Dupple (1016592) | more than 2 years ago | (#38712718)

The link in the summary says one thing from google. Here's a thought from someone who isn't from google saying something about google

http://gigaom.com/video/google-tv-ces/ [gigaom.com]

The last paragraph reads

While it’s clear that the CE industry needs to do something to fight fragmentation between the dozen or so smart TV platforms, it seems unlikely that Google TV will be its savior in the near future. Google might have more partners than it did a year ago, but they’re hardly adopting the platform en masse. Unless something drastic happens, don’t expect that to change anytime soon.

Very poor of slashdot to drink the Koolaid like this.

Re:Google says something nice about themselves... (0)

Anonymous Coward | more than 2 years ago | (#38713324)

I don't think people view TV the same way as a smart phone or a computer. They will use it to _view content_ and maybe visit a few web pages. Any time-waster games will be seen as a bonus.

If you can:
- watch netflix
- Hulu plus (Hulu free will always be blocked from non-PCs)
- Amazon prime
- netflix
- whatever other pay-for streaming service

Plus:
- look at facebook, google restaurant reviews, etc

Bonus:
- Stream stuff to/from your smartphone/tablet

  If the target audience was people who wanted apps/gaming - they probably would already have a PS3, Wii, or Xbox.

My point is that, currently, if the OS meets a very low bar, fragmentation won't be a problem.

Consoles are more selective of devs than phones (1)

tepples (727027) | more than 2 years ago | (#38714138)

If the target audience was people who wanted apps/gaming - they probably would already have a PS3, Wii, or Xbox.

Except unlike Apple with its iOS developer program, Sony and Nintendo appear to have no way for the general public to sign up and develop "apps". And as far as I can tell, Xbox 360 "apps" have to be games and nothing else.

Re:Consoles are more selective of devs than phones (1)

Thing 1 (178996) | more than 2 years ago | (#38720842)

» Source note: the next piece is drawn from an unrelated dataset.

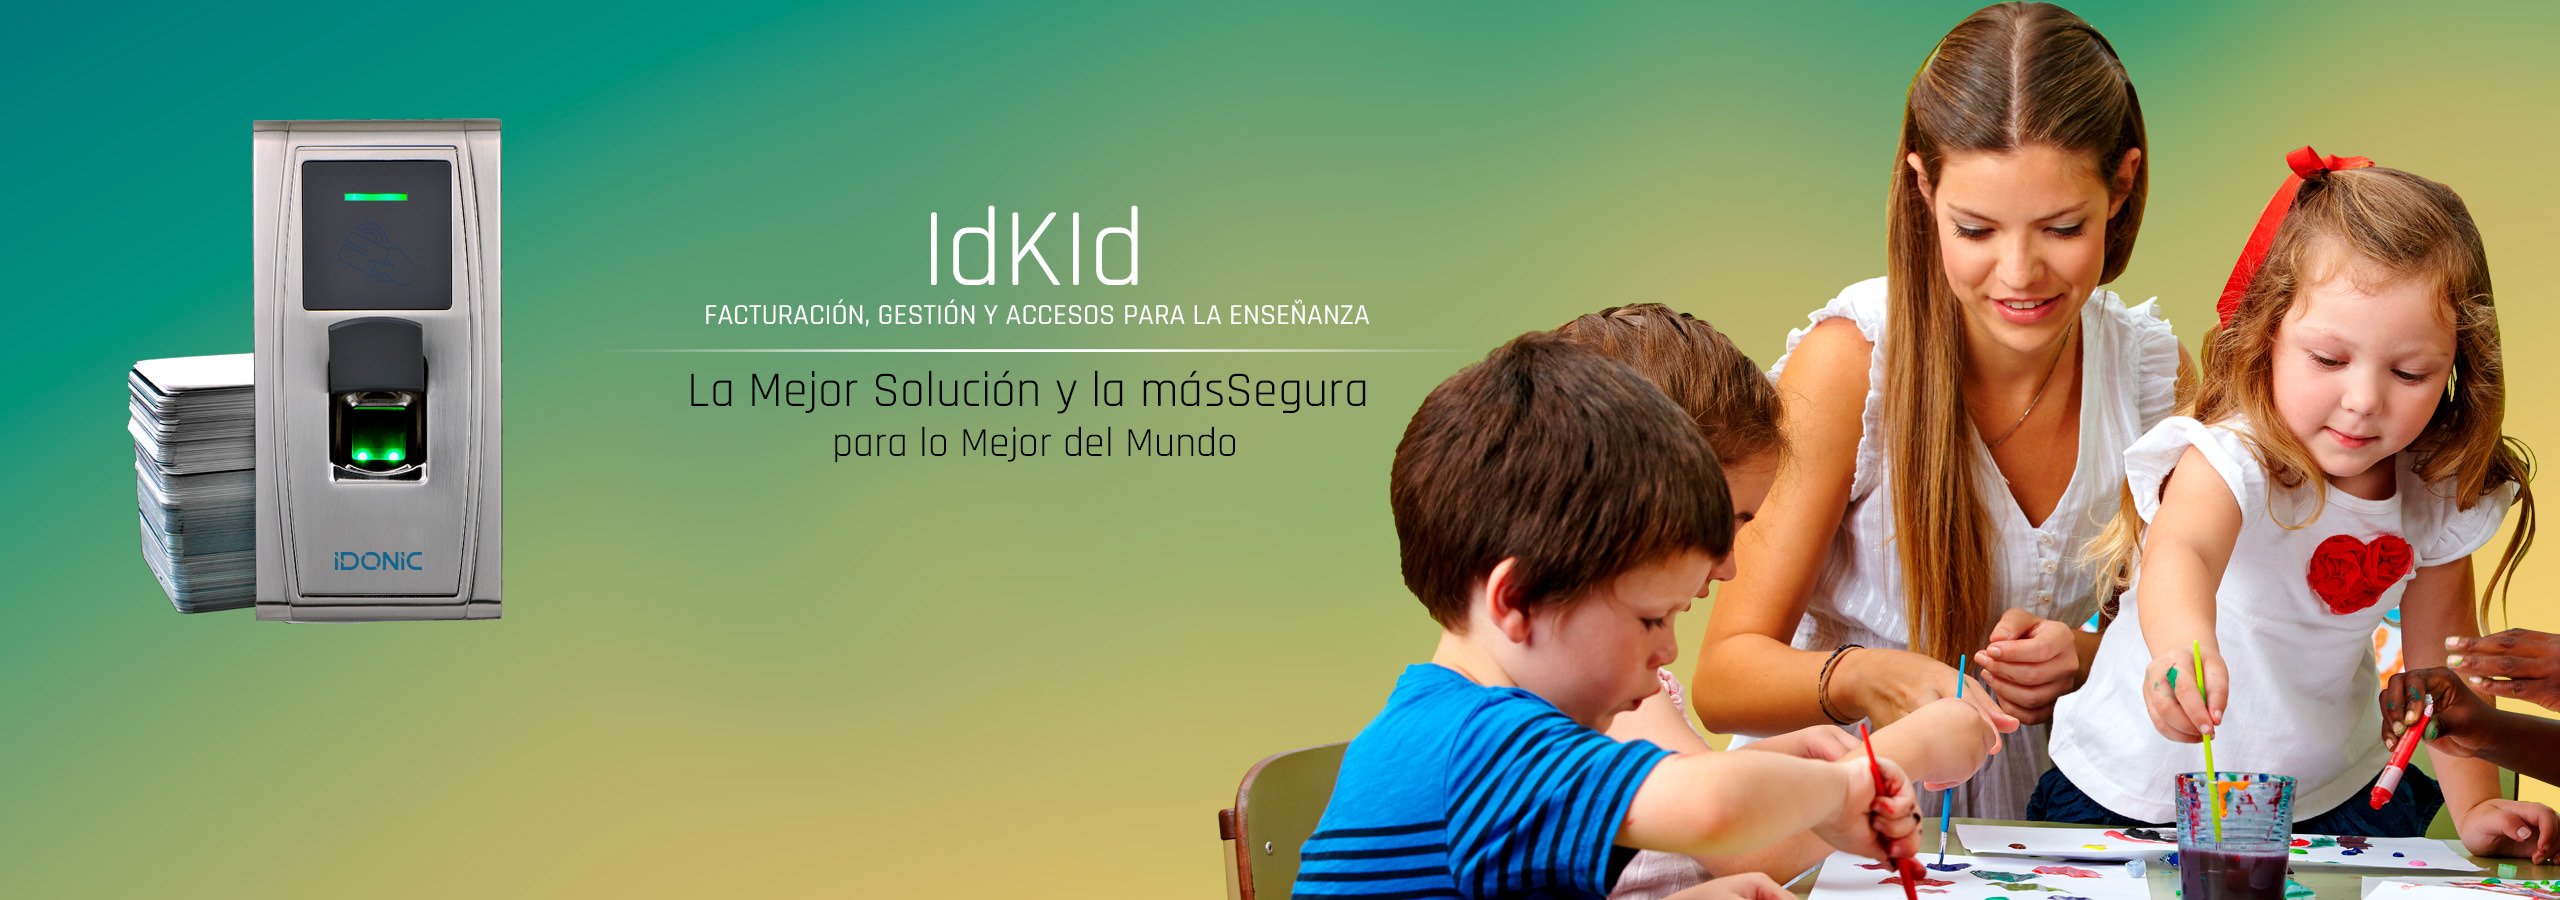 Destaque-Homepage-IdKid-ES

And as far as I can tell, Xbox 360 "apps" have to be games and nothing else.

Is Netflix a "game"?

Xbox Live Indie Games vs. native (1)

tepples (727027) | more than 2 years ago | (#38721406)

The only console environment whose development is roughly as open as iOS or Android, the platforms most commonly associated with the term "apps", is Xbox Live Indie Games. This environment is far more restrictive than the native environment in which Netflix runs, and console makers are very selective of who is allowed to develop applications for this native environment. Only established companies that have already built a reputation within the industry on another platform can develop for the consoles [warioworld.com] . This other platform is usually Windows or more recently iOS or Android, where startups compete on a much more even playing field with incumbents. So if you are an indie video game developer, and your first video game is one in a genre that would be best experienced on a television, tough droppings.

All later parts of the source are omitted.